1.      Ketik enable untuk masuk pada privilege command

2.      Kemudian ketik configure terminal untuk masuk ke terminal

3.      Setting pada Ethernet dengan mengetikkan interface ethernet0

4.      Ketik ip address [alamat ip] [subnet mask]

5.      Ketik no shutdown untuk mengaktifkan

6.      Keluarlah dari interface Ethernet0 dengan perintah exit

7.      Ketik interface serial2/0

8.      Ketikkan ip address [alamat ip] [subnet mask]

9.      Untuk serial harus diberi clock rate dengan mengetikkan clock rate 64000

10.  Ketik no shutdown untuk mengaktifkan

Ø      Setelah konfigurasi untuk router, konfigurasikan pc yang terhubung pada setiap router. Untuk pc tidak bisa menggunakan text tapi menggunakan grafik dengan langkah-langkah sebagai berikut :

1.      Klik pada gambar pc

2.      Masuk pada menu config

3.      Masukkan gateway. Sesuaikan IP gateway dengan IP router di atasnya

4.      Klik FastEthernet dan masukkan IP address beserta subnet mask

Ø      Setelah selesai mengkonfigurasi semua perangkat, mulailah proses routing dengan langkah-langkah berikut :

1.      Klik pada router dan masuklah pada CLI

2.      Masuklah pada configure terminal

3.      Ketik ip route [ip tujuan] [subnet mask] [next hop]

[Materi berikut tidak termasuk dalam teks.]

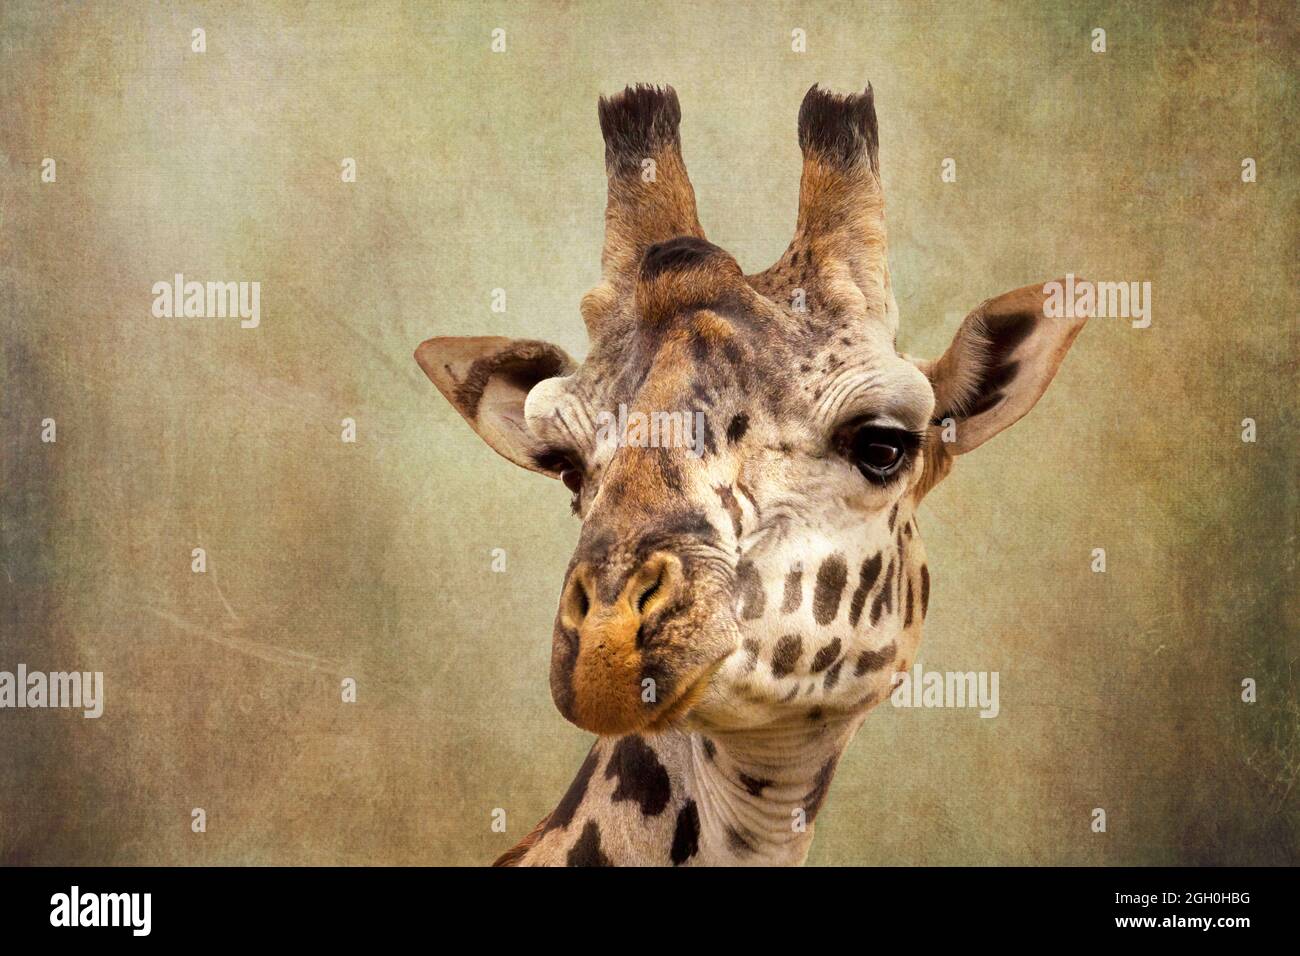 Gros plan sur la tête d'une girafe. L'image a été texturée pour reproduire une ancienne impression ou peinture. Espace pour votre texte. Banque D'Images

4.      Buatlah beberapa routing sesuai dengan jumlah router yang ada

Ø      Setelah selesai, lihatlah apakah proses routing anda telah berhasil dengan cara ping dengan klik pada tanda Add Simple PDU lalu klik pada 2 gambar perangkat.

Ø      Jika proses routing anda berhasil maka akan muncul keterangan Successful.

Ø      Jika proses routing gagal atau failed periksa kembali semua konfigurasi.